MANILA, Philippines — Project approvals by the Board of Investments (BOI) are likely to fall short of the P1-trillion target set for the year, a ranking official said.
“I don’t know if we can meet (the target). We might not,” BOI managing head Ceferino Rodolfo told reporters.
He said the tally of approved investments stood at P905 billion as of the BOI’s last board meeting.
“So, we’re still short of P95 billion for the P1 trillion (target),” he said.
While the BOI still has one board meeting for the year scheduled on Dec. 28 to approve investments for projects that can qualify for incentives, he said the target is still out of reach.
There are projects in the pipeline awaiting endorsement from other government agencies amounting to a total of P68 billion.
Even if all these projects are approved by the BOI, Rodolfo said total investment approvals for the year would just reach around P970 billion, still below target.

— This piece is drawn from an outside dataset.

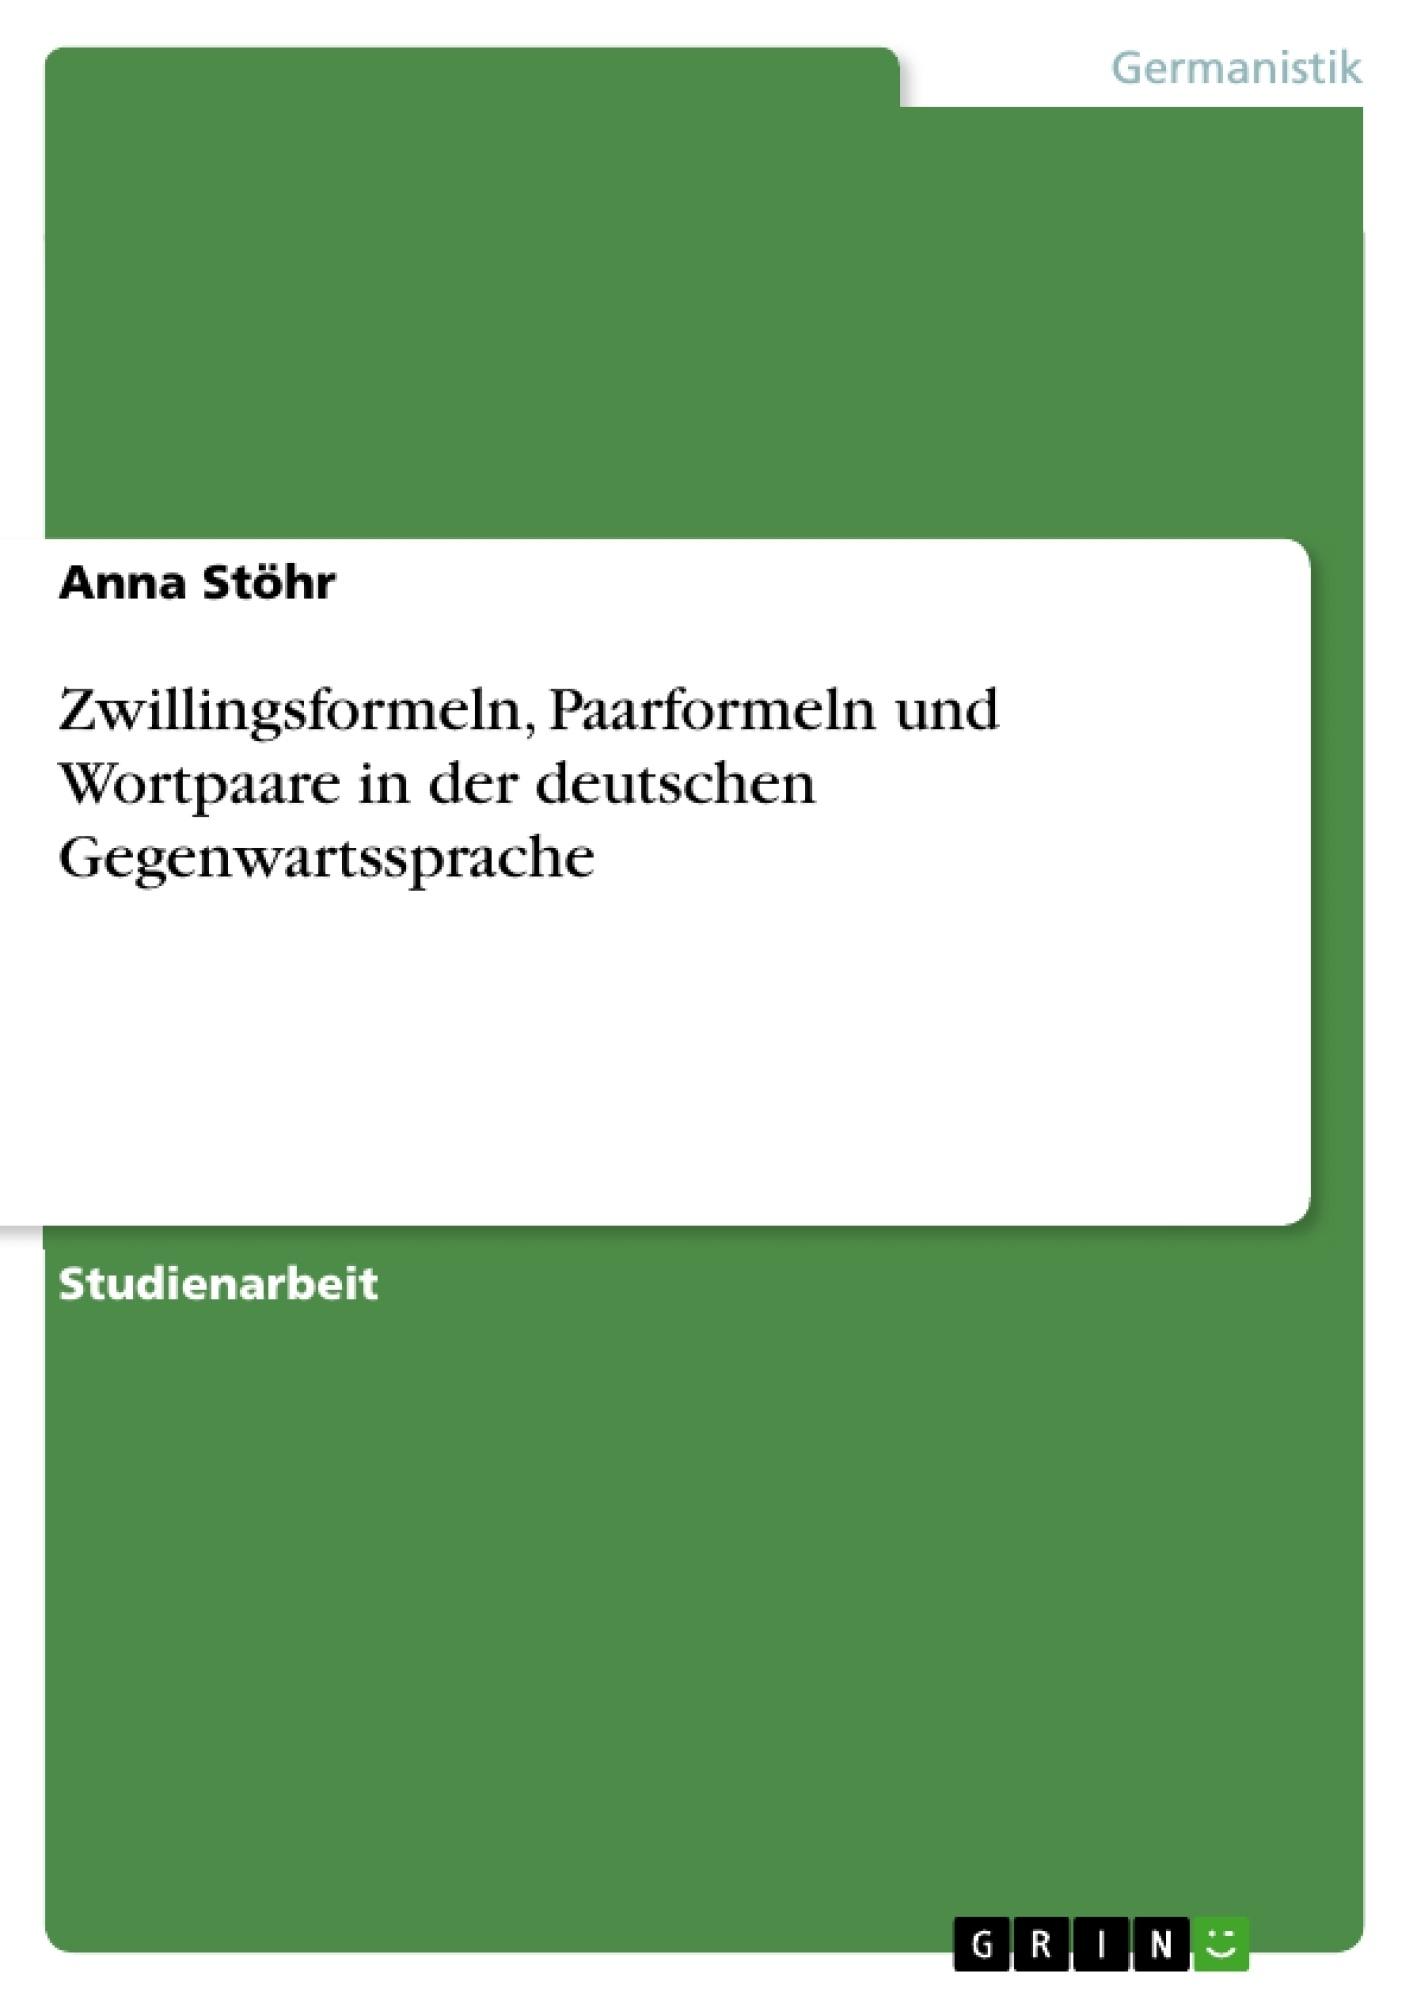 Titel: Zwillingsformeln, Paarformeln und Wortpaare in der deutschen Gegenwartssprache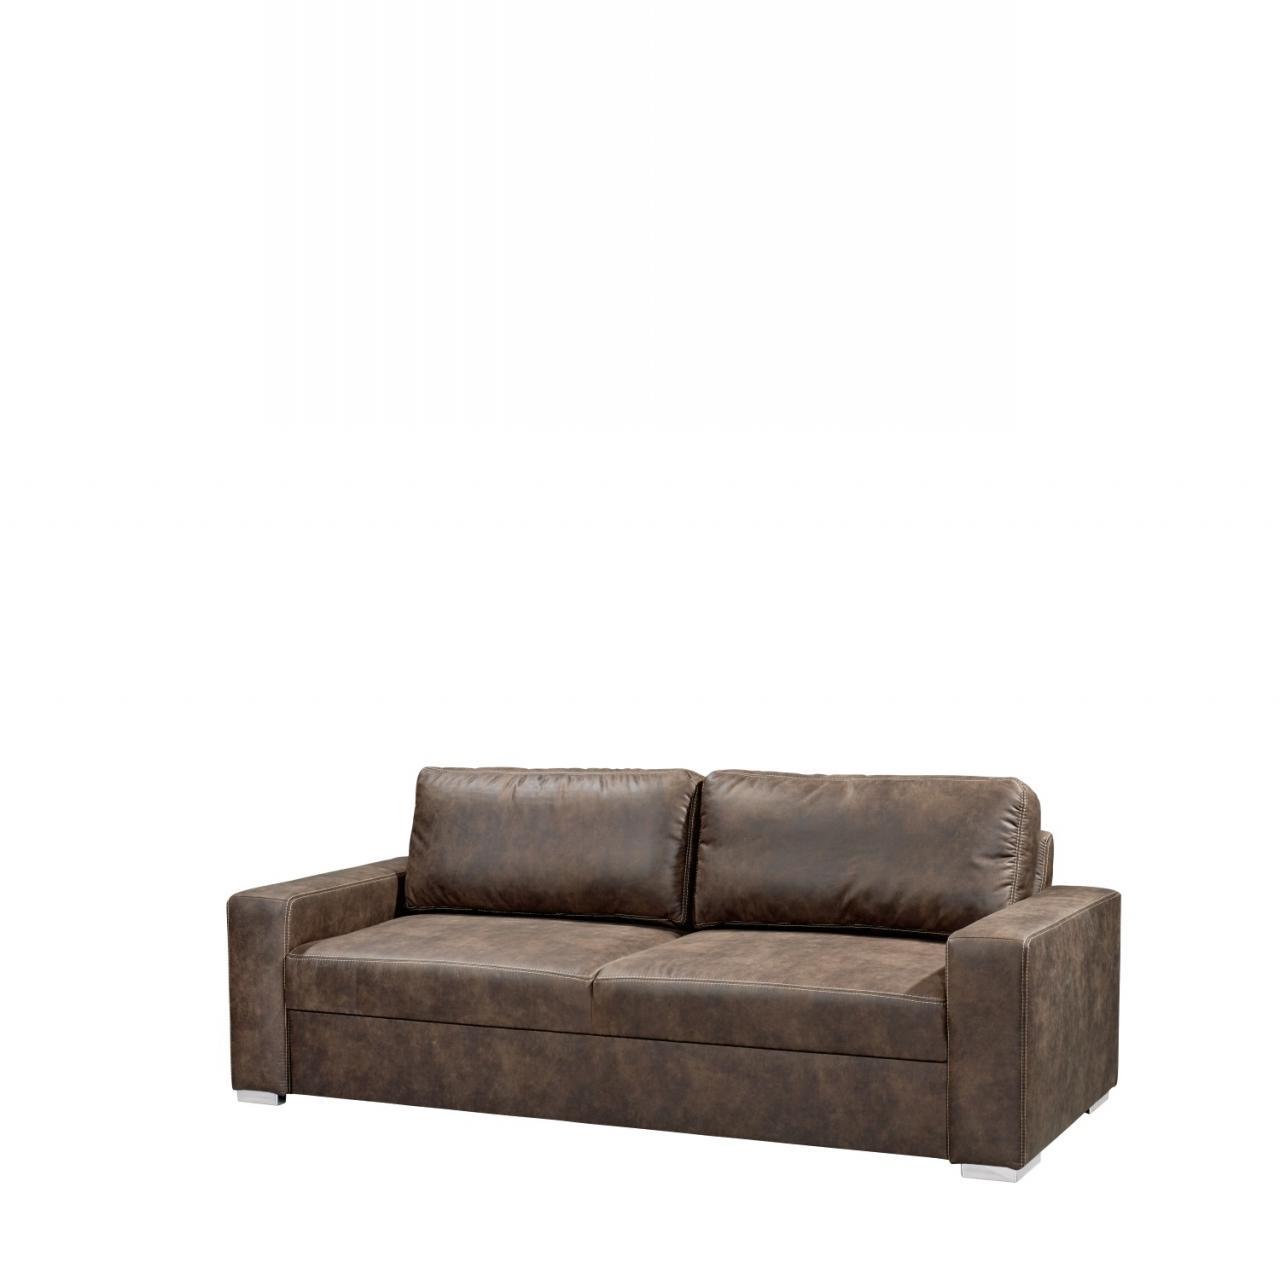 Full Size of Sofa Auf Raten 3er Regina Dunkelbraun Polstergarnitur Couch Inkl überzug Großes 2 Sitzer 3 Grau Mega Leinen Landhaus Lederpflege Blau Aus Matratzen Home Sofa Sofa Auf Raten

“We were hopeful it would reach close to P1 trillion,” he said.
During the launch of the new marketing campaign “Make It Happen in the Philippines” aimed to position the country as an ideal destination for trade and investments held last month, Rodolfo said the BOI was optimistic of reaching the target.
If the BOI’s total approved investments this year reaches the P1-trillion mark, it would be the second highest level of project approvals in the agency’s history.
Last year, total investments approved by the BOI hit an all-time high of P1.14 trillion.
Rodolfo said most investment projects approved this year are related to infrastructure, telco towers, transportation and manufacturing.
Under the Make It Happen in the Philippines campaign, the BOI is pushing for the automotive, aerospace, electronics, information technology – business process management, and copper or nickel as priority sectors for foreign investment.